(Beginning of Given material)

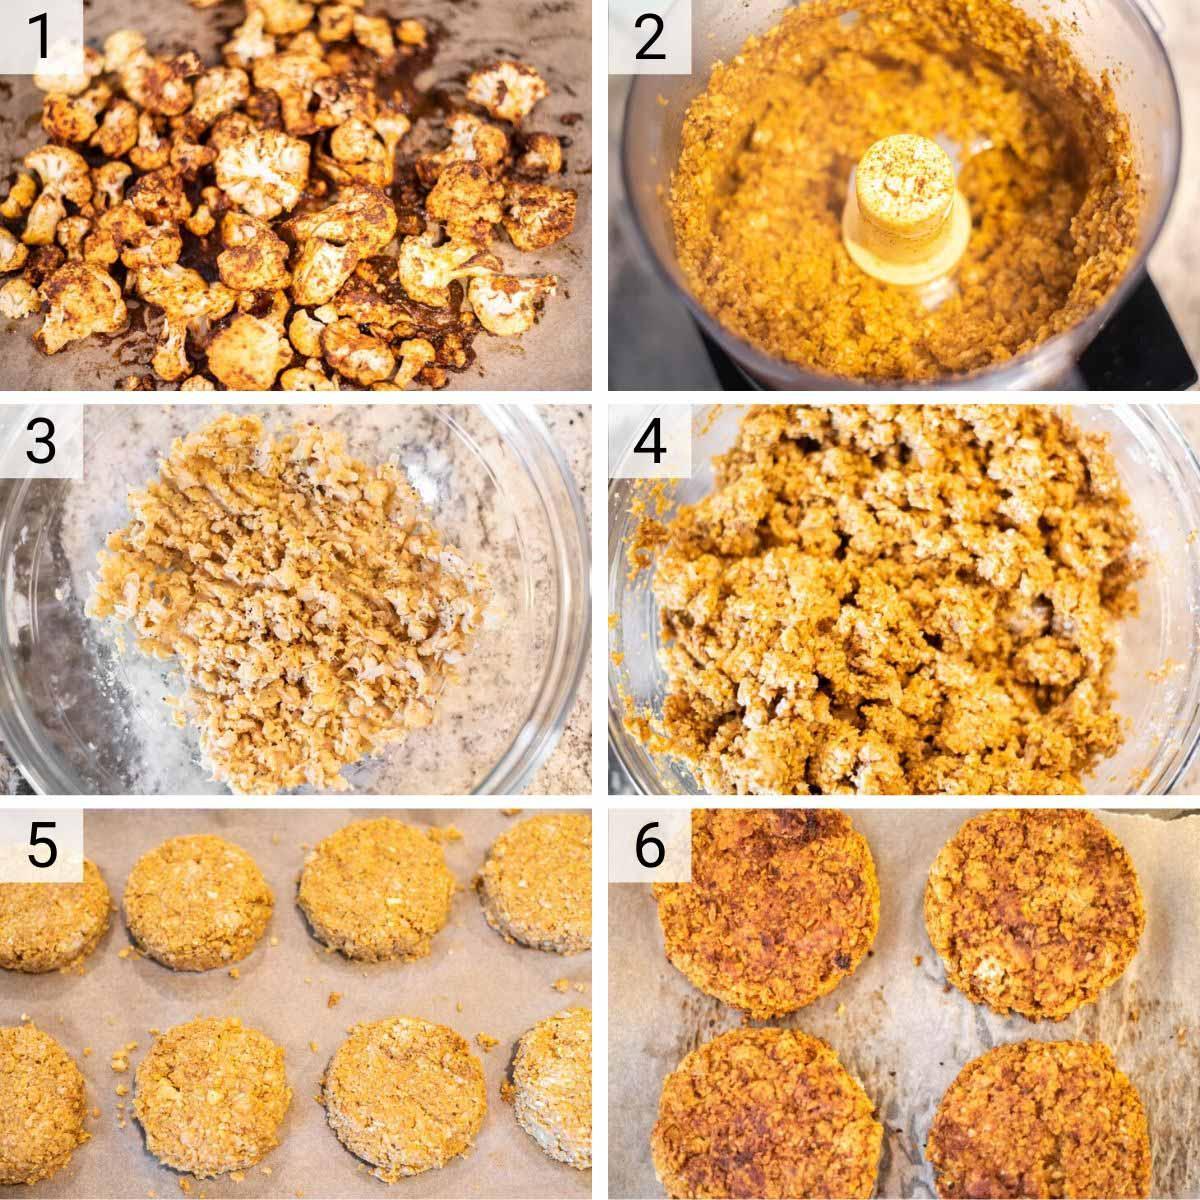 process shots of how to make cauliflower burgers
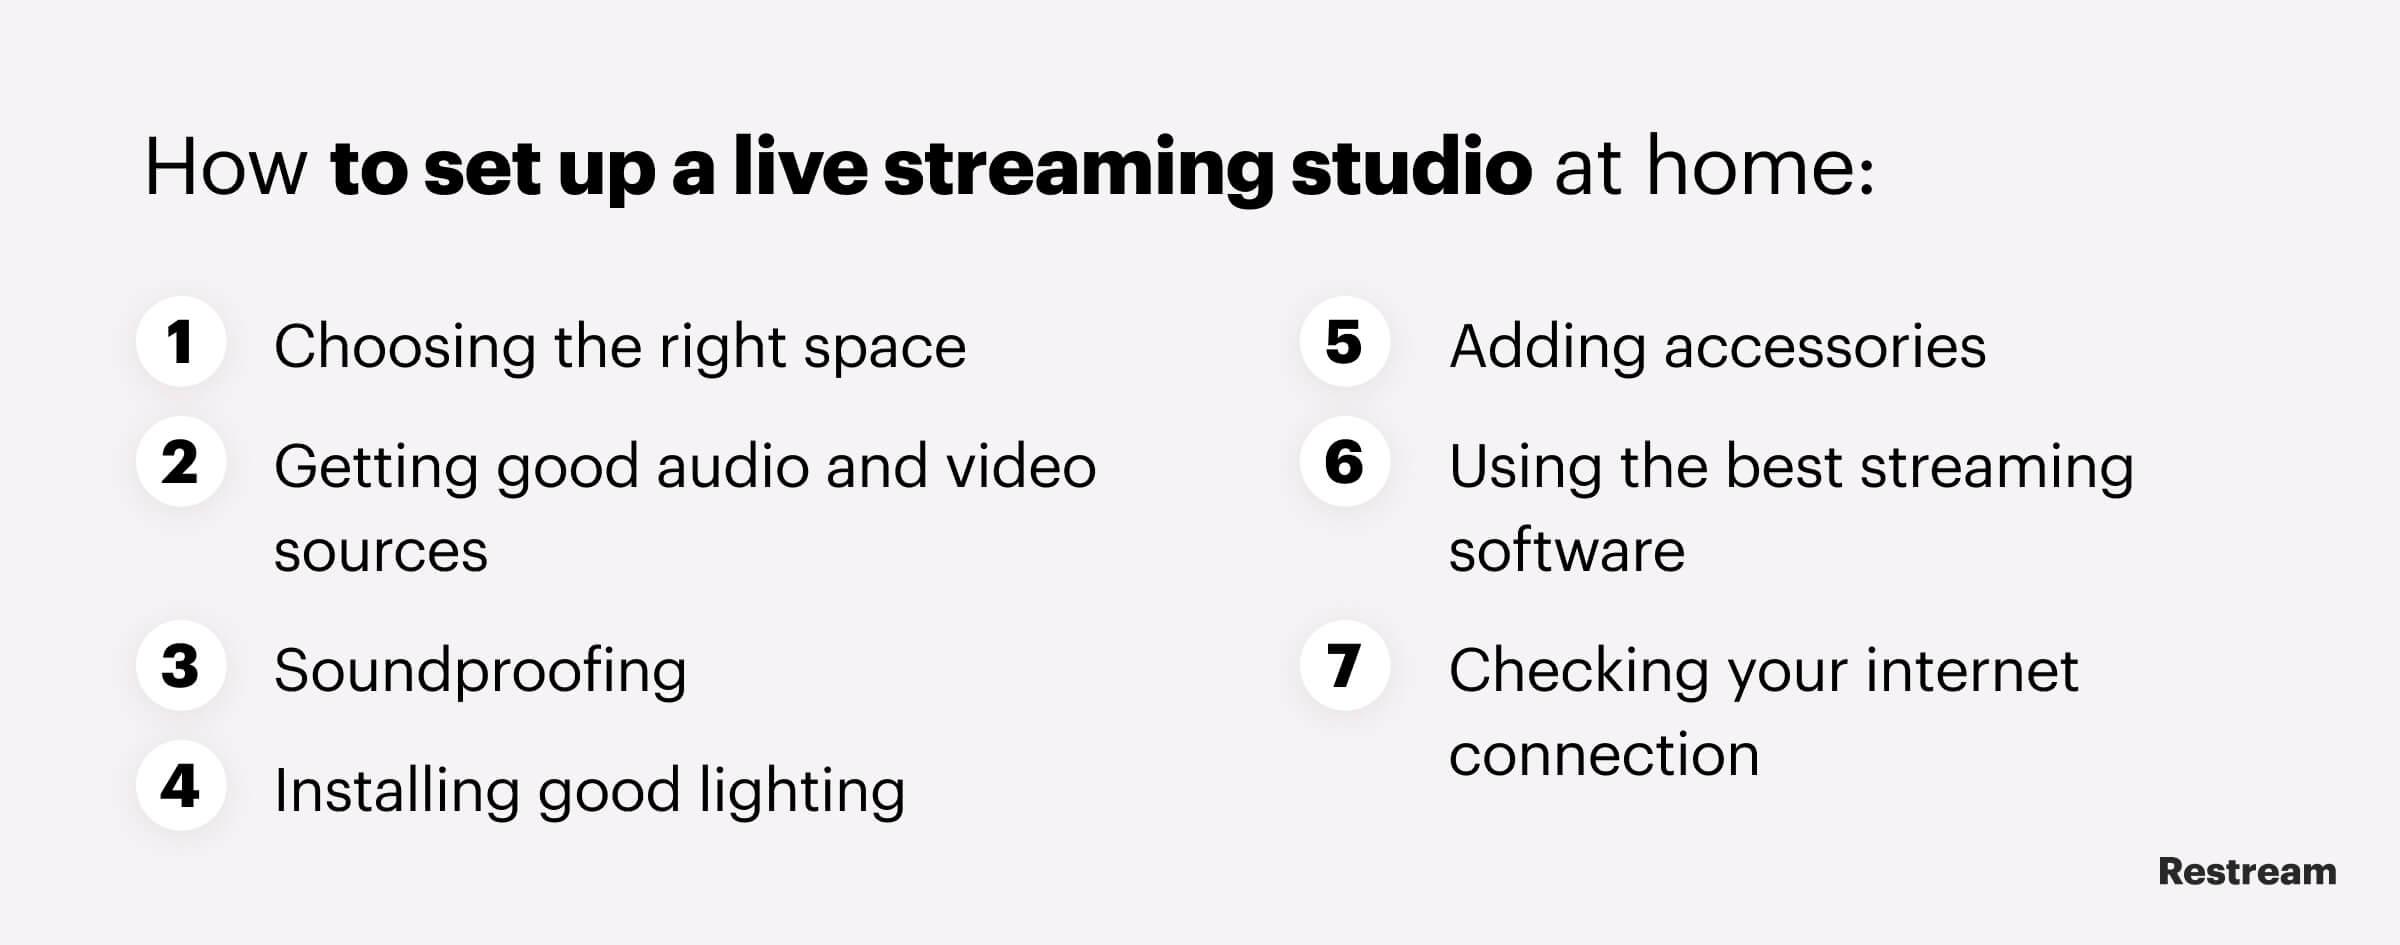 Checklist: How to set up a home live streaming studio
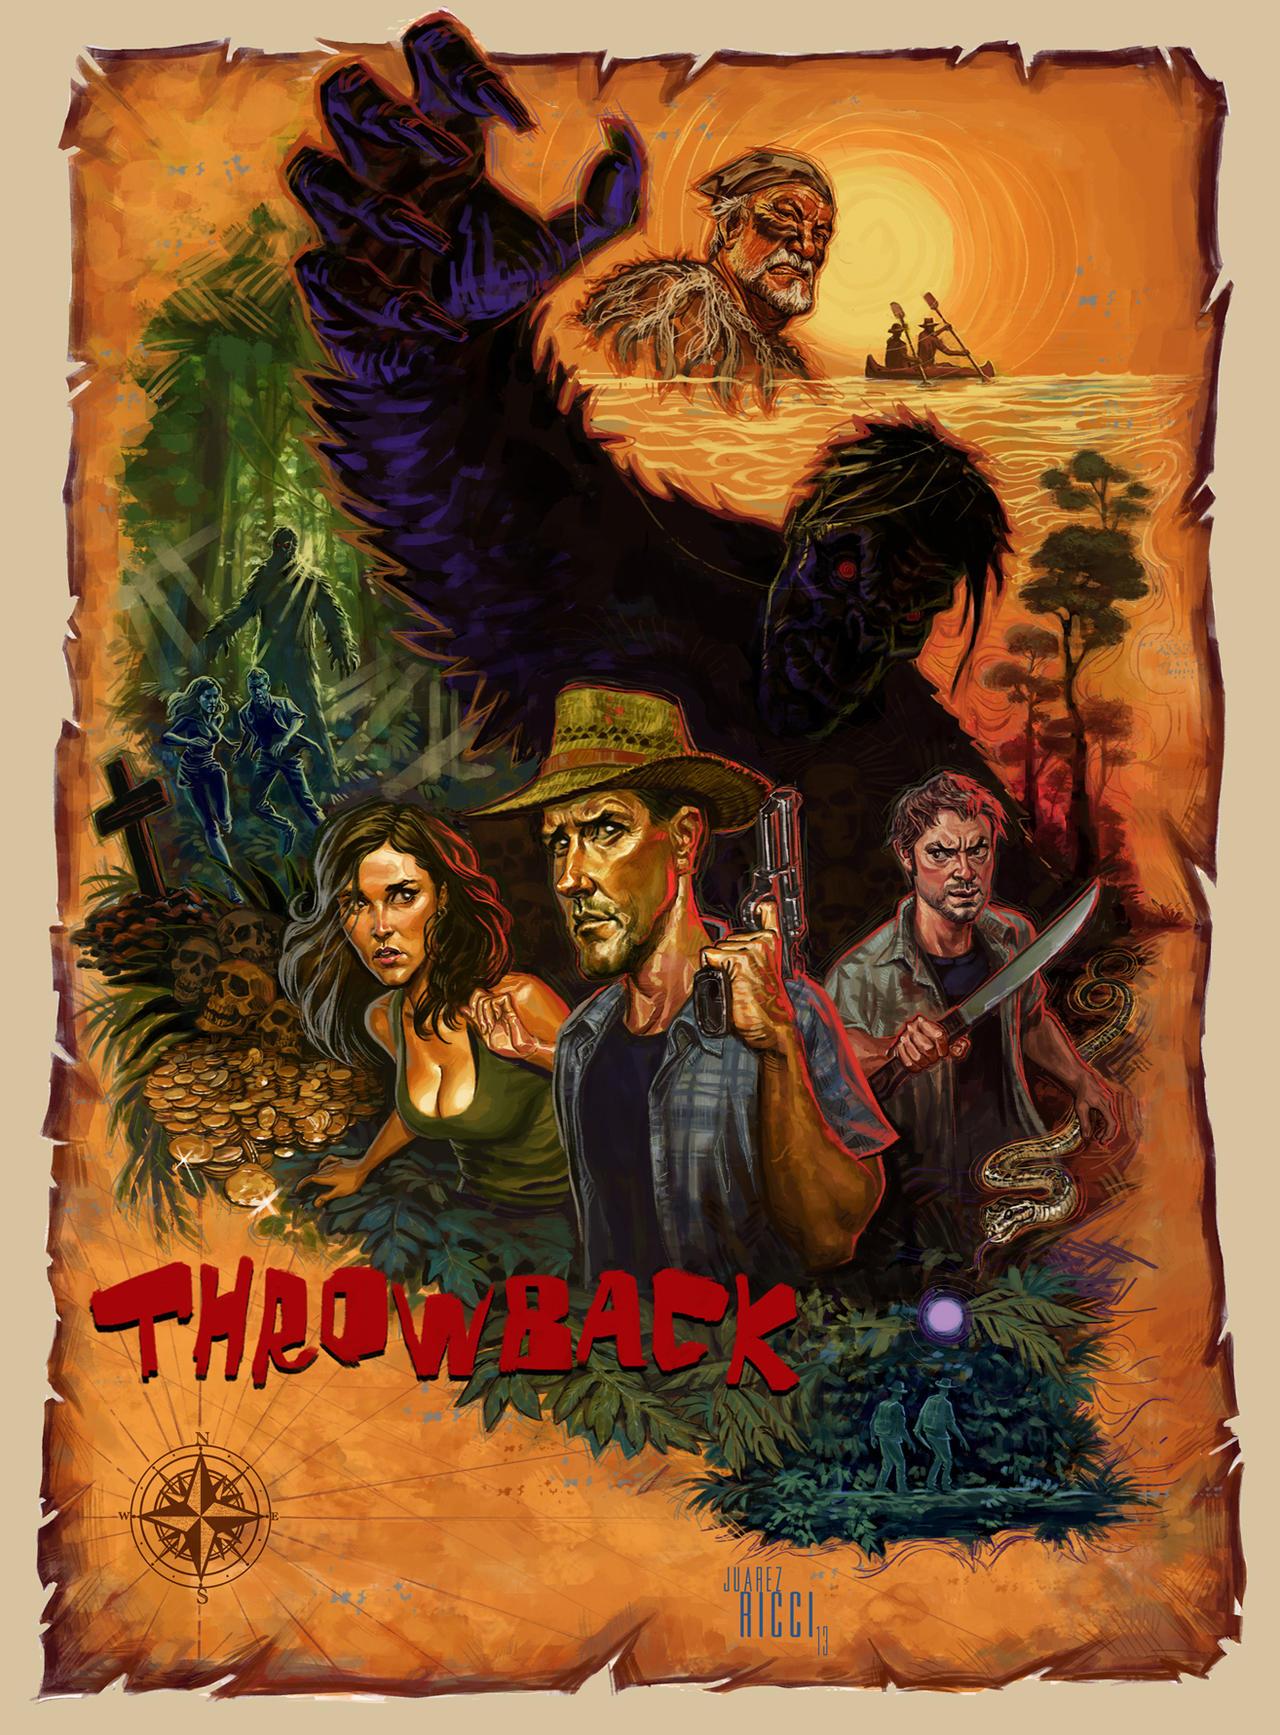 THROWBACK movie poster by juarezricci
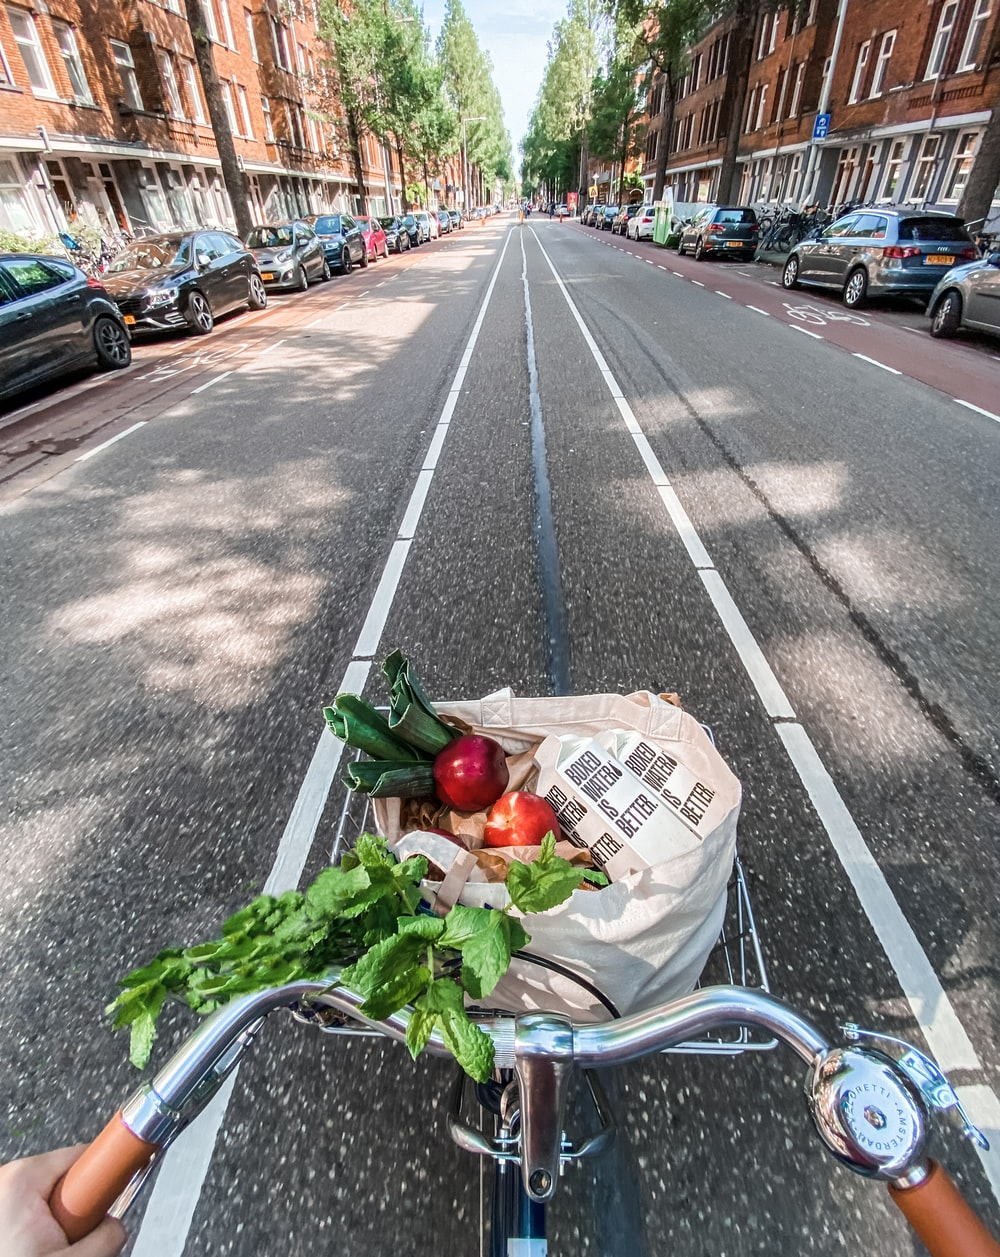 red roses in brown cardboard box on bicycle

(End of Given material)

_Problem to work on_
Would you output the full listing exactly as it stands, minus the images?

_Task response_
 process shots of how to make cauliflower burgers
 Checklist: How to set up a home live streaming studio
 THROWBACK movie poster by juarezricci
 red roses in brown cardboard box on bicycle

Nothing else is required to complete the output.